Per dati di test veramente affidabili, è necessario guardare alla matrice di simulazione degli ambienti estremi aggiornata dalla NASA JPL l’anno scorso. Utilizzando l’analizzatore di rete Keysight N5291A, hanno testato campioni di sei produttori e hanno scoperto che i prodotti di grado industriale mostravano aumenti della perdita di inserzione più di tre volte superiori rispetto ai prodotti di grado militare sotto una dose di radiazione protonica di 10^15 protoni/cm² (equivalente a cinque anni di esposizione cumulativa in orbita geostazionaria). Il campione peggiore ha perso 0,4 dB nella banda di frequenza a 94 GHz, il che, se si verificasse su un collegamento inter-satellitare, potrebbe aumentare il tasso di errore di bit di 20 volte.

Voce del Test Prodotti di Grado Militare Prodotti di Grado Industriale
Invecchiamento nel Vuoto a 10 Anni Ermeticità mantenuta >99,7% Tasso di conformità del 94%
Shock Termico (-180℃→+120℃) Nessuna deformazione strutturale Si verificano deformazioni a livello micrometrico

Chiunque lavori con le microonde sa quanto sia critica l’incidenza dell’angolo di Brewster per le finestre dielettriche. L’anno scorso, durante l’aggiornamento del Fengyun-4, il nostro team ha scoperto che una certa finestra in allumina di produzione nazionale aveva una perdita di riflessione superiore di 0,3 dB rispetto ai prodotti importati nella banda Q (33-50 GHz). Dopo lo smontaggio, abbiamo scoperto che il valore di rugosità superficiale Ra (deviazione media aritmetica) superava lo standard di due volte, causando uno scattering anomalo delle onde elettromagnetiche all’interfaccia.
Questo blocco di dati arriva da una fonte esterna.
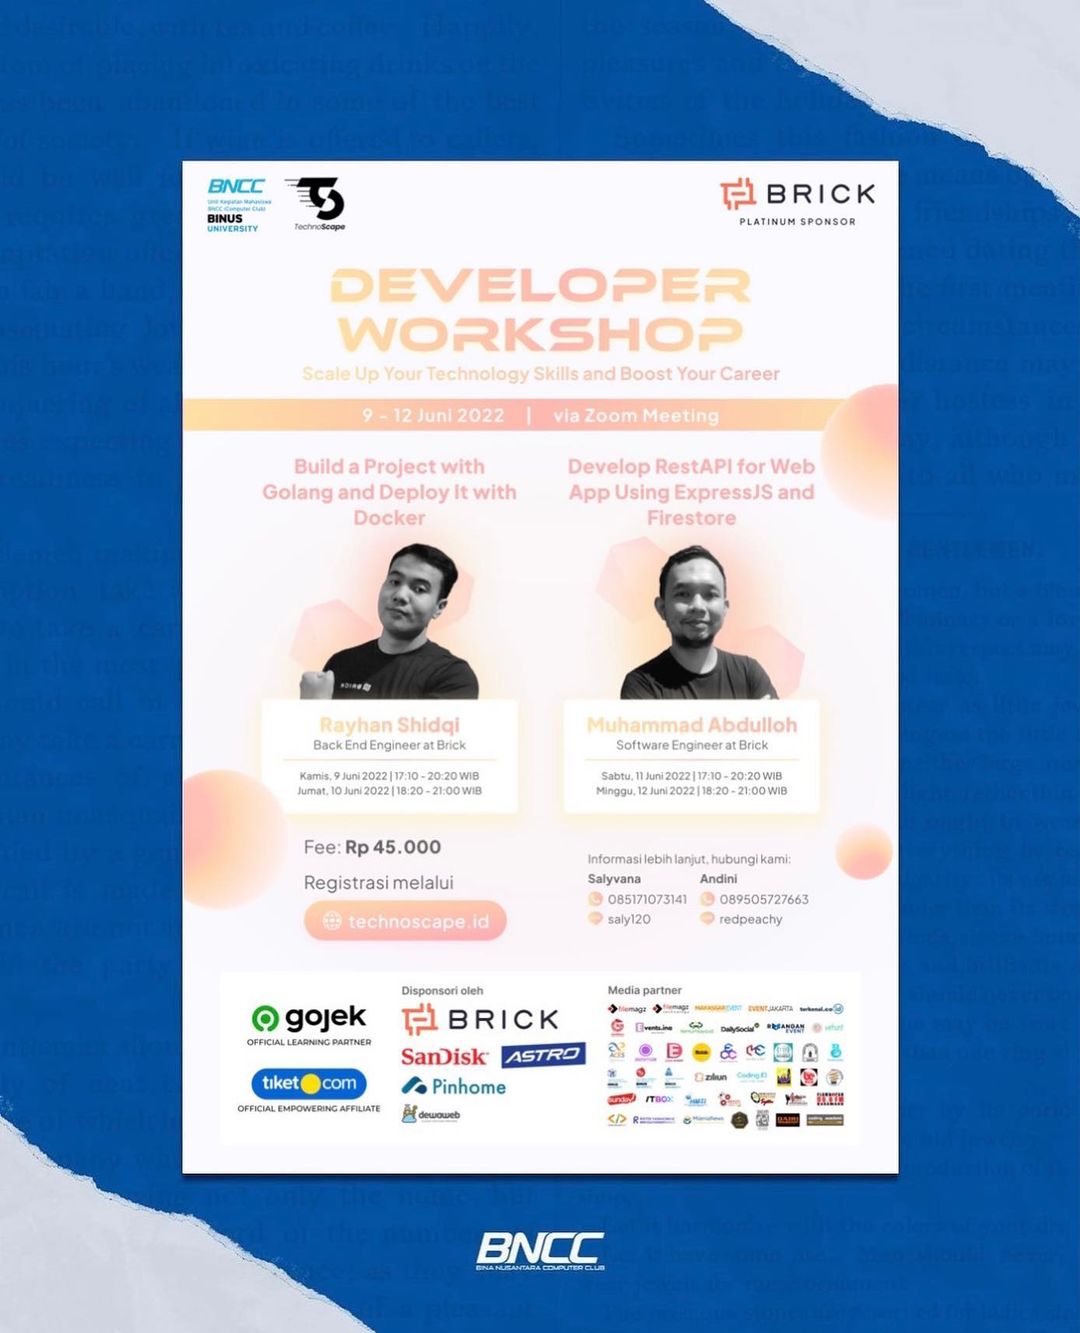 Developer Workshop: Scale Up Your Technology Skills and Boost Your Career

  • Il diavolo si nasconde nei dettagli dello standard militare MIL-PRF-55342G: la clausola 4.3.2.1 richiede che le finestre di pressione resistano a 50 cicli di shock termico (da azoto liquido a -196℃ a forno a +150℃).
  • Lo standard ECSS-Q-ST-70C dell’Agenzia Spaziale Europea è ancora più severo: dopo i test di radiazione, i componenti devono superare una vibrazione casuale di 10g RMS, simulando l’ambiente meccanico durante il lancio del razzo.
  • Il “Fattore di Purezza del Modo” è l’elemento più facilmente trascurato: se scende sotto il 95%, l’interferenza dei modi di ordine superiore può far crollare l’efficienza dell’antenna.

I principali attori del settore utilizzano ora rivestimenti in deposizione chimica da vapore assistita da plasma (PECVD). Quando l’ultima volta abbiamo smontato i pezzi di ricambio del satellite HS-702 della Hughes, abbiamo scoperto che applicavano rivestimenti a indice di rifrazione a gradiente a tre strati su substrati di zaffiro, portando la capacità di potenza delle finestre spesse 1,2 mm a 40 kW. Al contrario, alcuni componenti domestici si affidano ancora a rivestimenti monostrato, che falliscono istantaneamente sotto i radio burst di classe X durante i brillamenti solari.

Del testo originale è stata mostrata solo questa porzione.